1. Discriminants 2

Show that mx² - (m + 1)x + 1 = 0 will have rational roots if m is an element of Q (I think Q means quotient?).

Could someone please show me how to do this?

2. Originally Posted by xwrathbringerx
Show that mx² - (m + 1)x + 1 = 0 will have rational roots if m is an element of Q (I think Q means quotient?).

Could someone please show me how to do this?
Have you calculated the discriminant? What do you notice? Therefore, what are the roots ....? By the way, Q is the symbol for rational numbers .....

3. Can the solution be like this:

For rational roots, discriminant = square no.

Discriminant = (- m - 1)^2 - 4(m)(1)

... (working out) ...

= (m -1)^2

m -1 = (/q + 3)^2
= (p+3q)^2 / q^2
= rational square no.

4. Originally Posted by xwrathbringerx
Can the solution be like this:

For rational roots, discriminant = square no.

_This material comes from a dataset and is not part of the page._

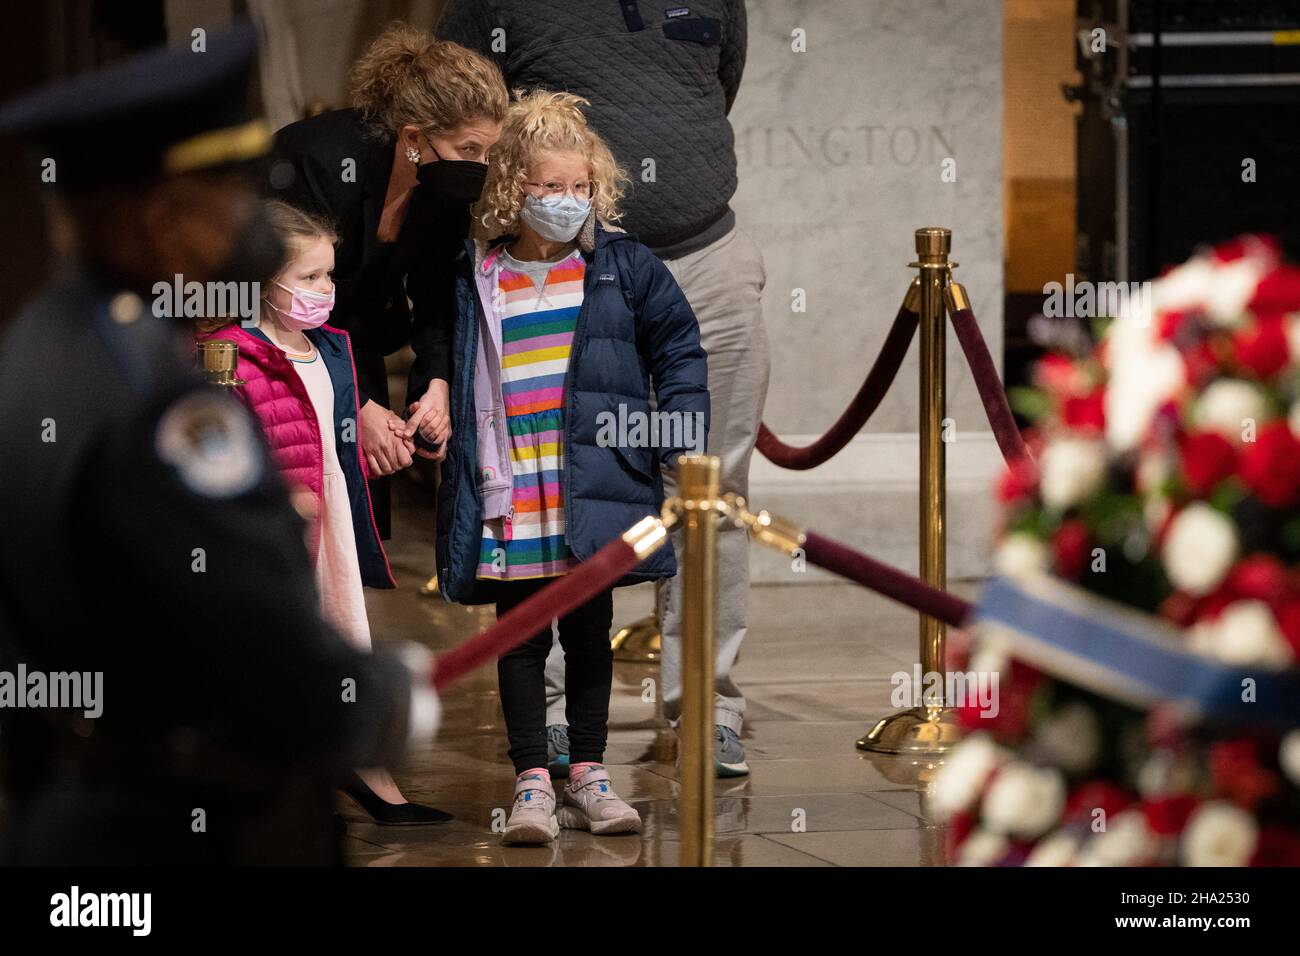 Guests pay their respects to former Senator Robert J. Dole (R-KS) as he lies in state at the Rotunda of the U.S. Capitol in Washington, DC, USA on Thursday, December 9, 2021. Photo by Sarahbeth Maney/Pool/ABACAPRESS.COM Stock Photo

Discriminant = (- m - 1)^2 - 4(m)(1)

... (working out) ...

= (m -1)^2

m -1 = (/q + 3)^2
= (p+3q)^2 / q^2
= rational square no.
$x = \frac{m+1 \pm |m - 1|}{2} \in Q$ if $m \in Q$.

5. Errr sori but what exactly do you mean? Which part of my solution am I meant to fix?

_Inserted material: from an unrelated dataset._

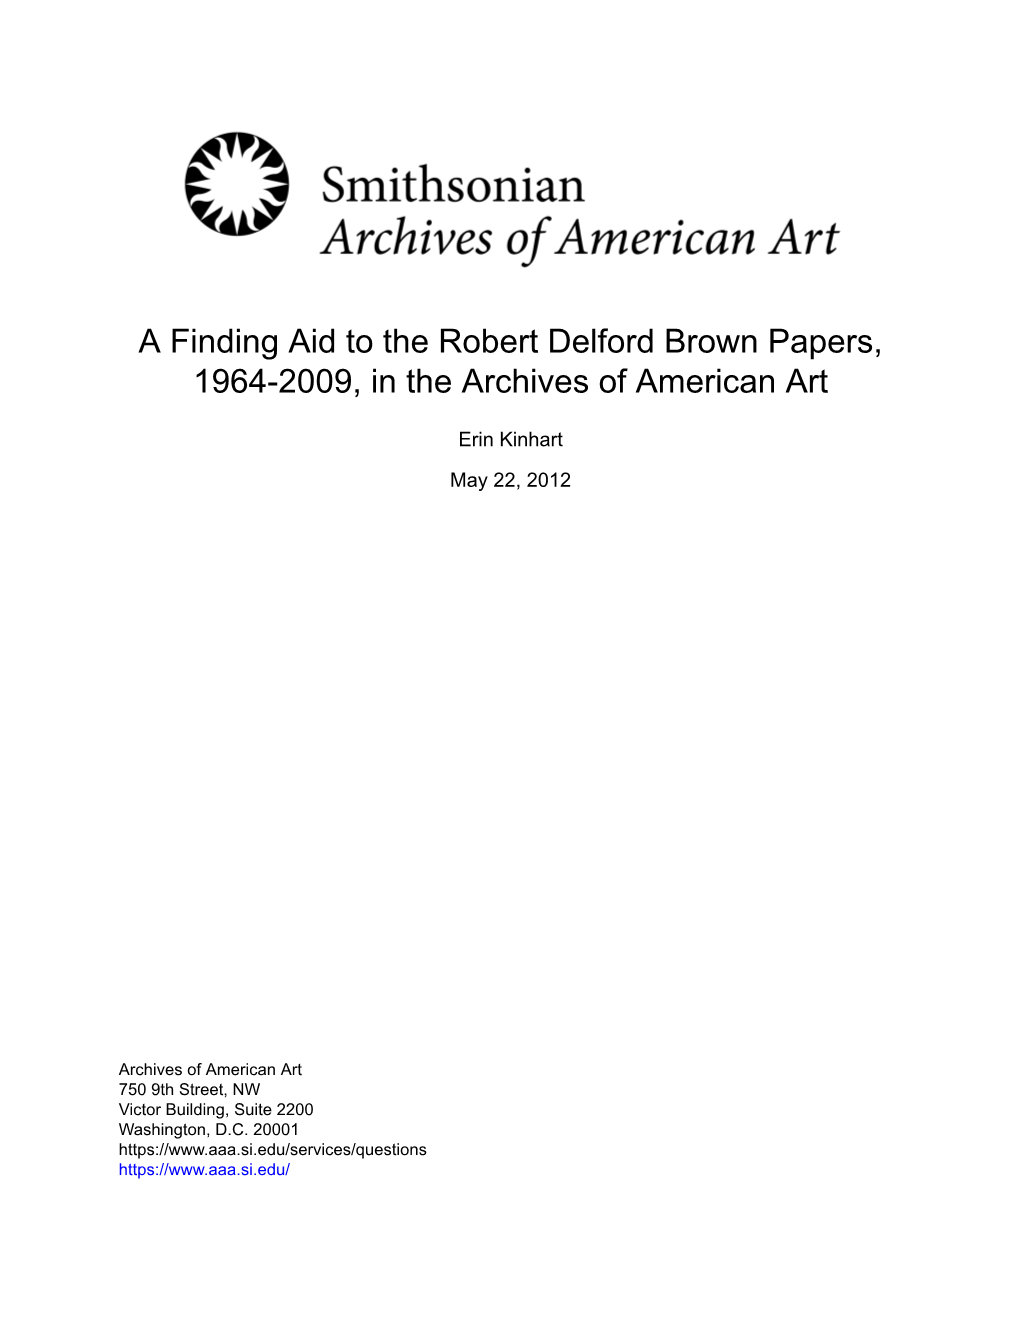 A Finding Aid to the Robert Delford Brown Papers, 1964-2009, in the Archives of American Art

6. Originally Posted by xwrathbringerx
Discriminant = (- m - 1)^2 - 4(m)(1)

... (working out) ...

= (m -1)^2

m -1 = (/q + 3)^2
= (p+3q)^2 / q^2
= rational square no.
Originally Posted by xwrathbringerx
Errr sori but what exactly do you mean? Which part of my solution am I meant to fix?
What I mean is that I have no idea where the stuff in red has come from or what it means.

7. Oops I meant:

Assume that m is rational.
Therefore, m can be written in the form p/q where p and q are positive integers with no common factor.
Hence, (m-1)^2 = (p/q -1)^2
= (p-q)^2 / q^2
= rational square no.

8. Originally Posted by xwrathbringerx
Oops I meant:

Assume that m is rational.
Therefore, m can be written in the form p/q where p and q are positive integers with no common factor.
Hence, (m-1)^2 = (p/q -1)^2
= (p-q)^2 / q^2
= rational square no.
But how is that relevant to answering the question?

9. Don't I have to prove (m-1)^2 is rational?

The only way I could think of doing that was to prove m was rational.

10. Originally Posted by xwrathbringerx
Don't I have to prove (m-1)^2 is rational? Mr F says: Where does the question ask this?

The only way I could think of doing that was to prove m was rational.
Here is a reminder of the question and a reply I gave:

Originally Posted by xwrathbringerx
Show that mx² - (m + 1)x + 1 = 0 will have rational roots if m is an element of Q (I think Q means quotient?).

[snip]
Originally Posted by mr fantastic
$x = \frac{m+1 \pm |m - 1|}{2} \in Q$ if $m \in Q$.